GeneralizedSDistributions.jl

A family of distributions that can serve as statistical models for unimodal distributions.
Author adknudson
Popularity
1 Star
Updated Last
9 Months Ago
Started In
February 2021

GeneralizedSDistributions

Generalized S-Distributions: a family of distributions that can serve as statistical models for unimodal distributions.

The inspiration for this package stems from the problem of matching Pearson correlation coefficients for use in Gaussian copulas, a problem discussed by Xiao and Zhou (2019). Matching coefficients for pairs of continuous distributions is made tractable by using a weighted sum of Hermite polynomials, but for discrete distributions (especially discrete distributions with large support sets or infinite support), the problem is not so simple or efficient.

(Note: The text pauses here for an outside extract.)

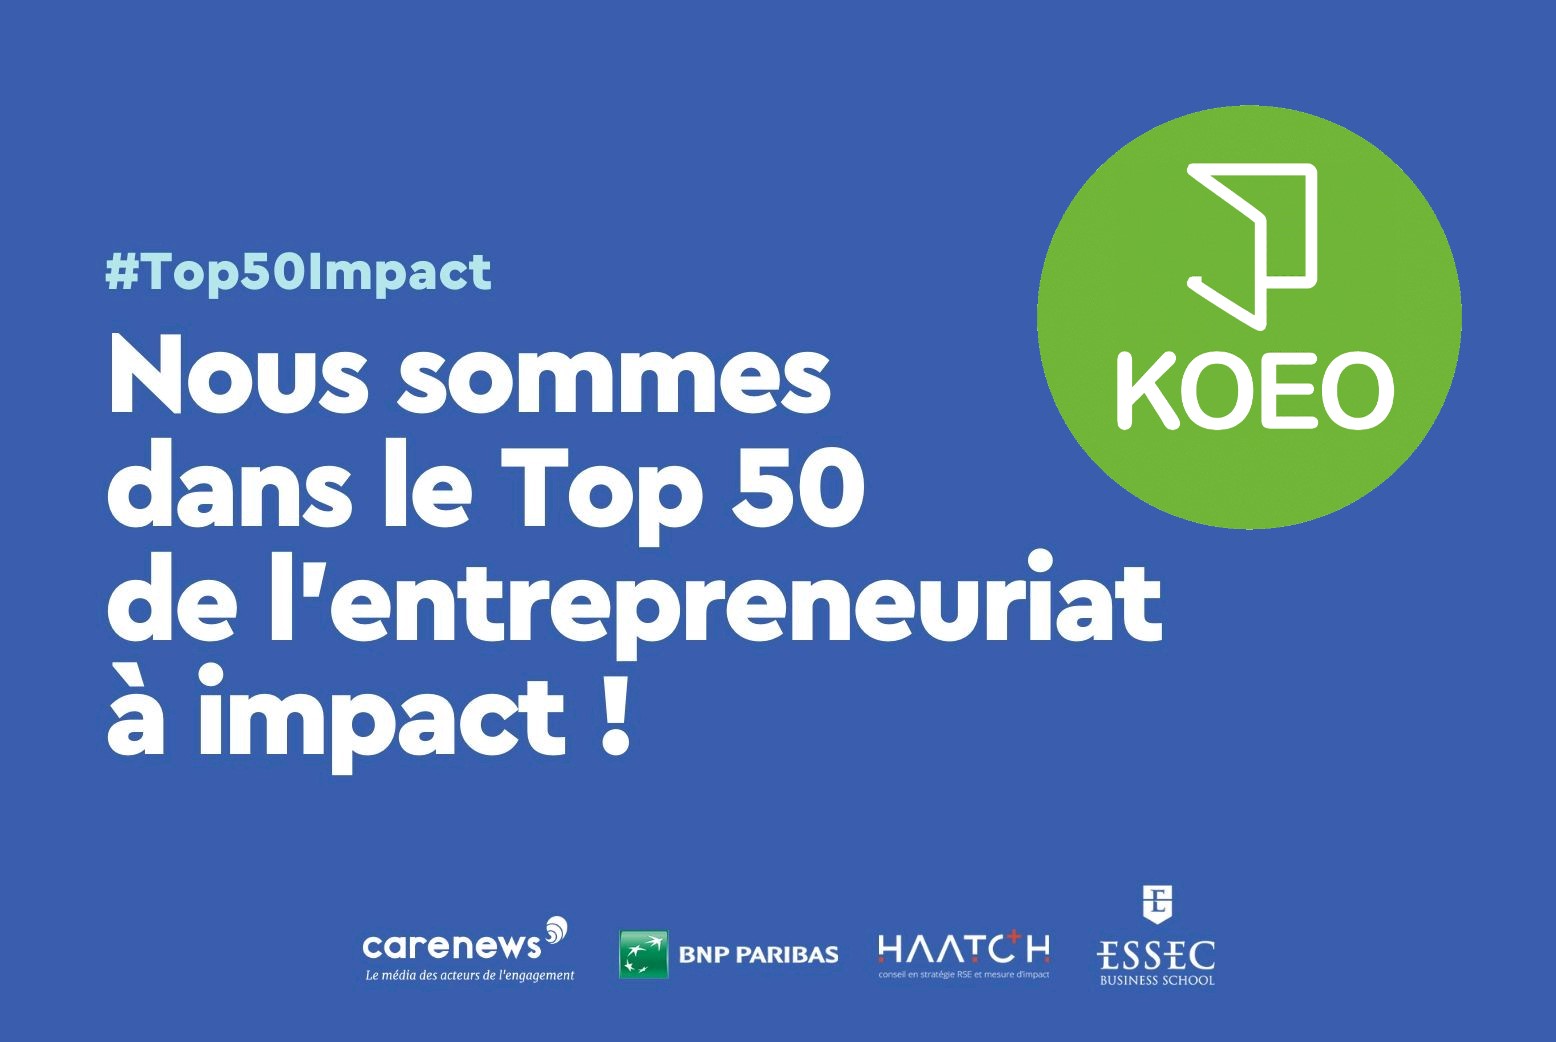 KOEO pour la seconde année dans le TOP50 des entreprises à Impact !

The solution is to approximate discrete distributions by a continous distribution. However the question is then what distribution to use. Generalized S-Distributions solve this problem by approximating a wide range of unimodal distributions, both continuous and discrete.

Examples

julia> using GeneralizedSDistributions, Distributions

julia> D = NegativeBinomial(20, 0.002)
NegativeBinomial{Float64}(r=20.0, p=0.002)

julia> G = GSDist(D)
Generalized S-Distribution (NegativeBinomial{Float64}(r=20.0, p=0.002))
 α: 0.010708744772447428
 g: 1.0034154213417692
 k: 0.026052263652808192
 γ: 0.8423059246978783

julia> mean(D), mean(G)
(9980.0, 9973.383253892538)

julia> var(D), var(G)
(4.99e6, 4.914780667295575e6)

julia> quantile(D, 0.8), quantile(G, 0.8)
(11795, 11801.44831411299)

julia> cdf(D, 10000), cdf(G, 10000)
(0.5333848577165967, 0.5341049437932197)

Functionality and Limitations

Functionality implemented:

  • rand / sampler
  • cdf / pdf
  • quantile
  • mean / median
  • modes / mode
  • var / std
  • minimum / maximum
  • insupport

Not yet implemented:

  • skewness / kurtosis / entropy

Almost implemented:

  • moment (the $j^{th}$ moment of the distribution)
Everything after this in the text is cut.